The jobless rate in the eurozone fell to 10.3 per cent in January
In recent months, the European currency bloc has made some gradual progress in whittling down its jobless ranks, amid efforts to rev up its economy after emerging from recession more than two years ago. But many still consider unemployment to be unacceptably high.
The jobless rate has fallen for the fifth time in six months, as ING Bank analyst Bert Colijn noted. The industry expectation had been that unemployment would remain at the previous month's rate of 10.4 per cent.
"The pace of declines in unemployment has clearly accelerated over the past half year, boosting domestic demand in an otherwise troubled economy," Colijn said, adding that this should provide "some tailwind for growth in the months ahead."
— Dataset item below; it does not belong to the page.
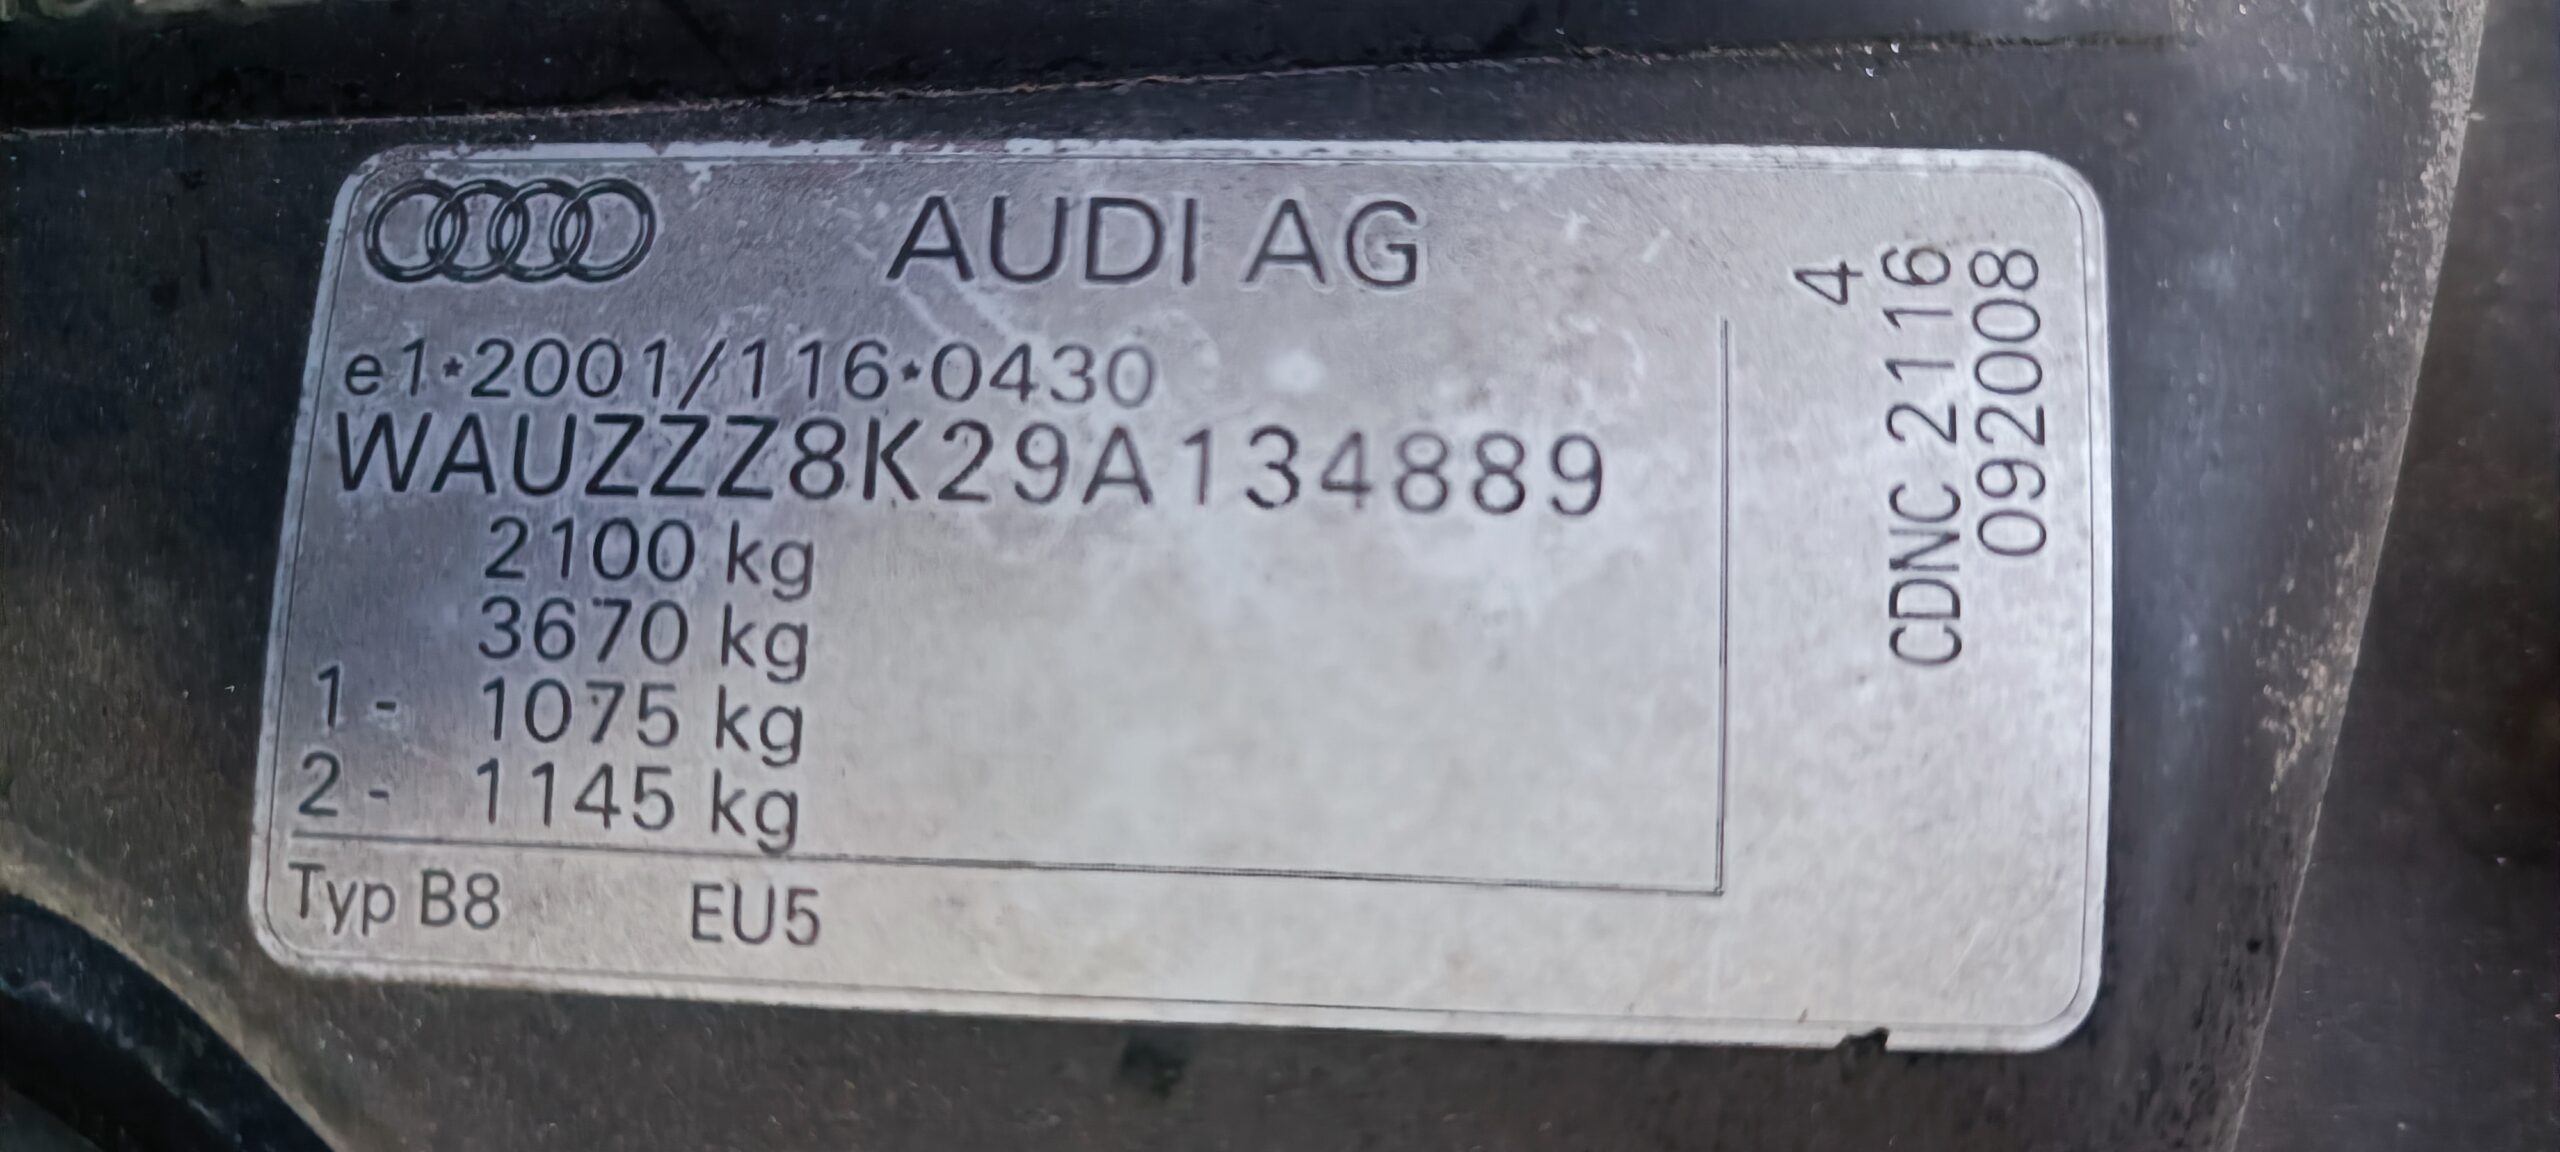 AUDI A4 S LINE, 2.0 TFSI, 211 CP, EURO 5

But Jack Allen of the Capital Economics think tank warned that "it would take sharper falls in unemployment to boost wage growth," while pointing to business indications that the "labour market recovery is slowing."
The number of jobless people in the 19-member eurozone fell to 16.65 million, 105,000 fewer than in November, according to Eurostat.
Youth unemployment remained much higher than the overall figure, at 22 per cent.
Germany recorded the lowest rates, with overall joblessness at 4.3 per cent and youth unemployment at 7.1 per cent.
At the other extreme, in Greece 24.6 per cent were without work in November - the most recent data available for the country - while youth unemployment stood at 48 per cent.
In the wider, 28-country European Union, joblessness stood at 8.9 per cent in January, with 21.8 million people out of work, Eurostat said.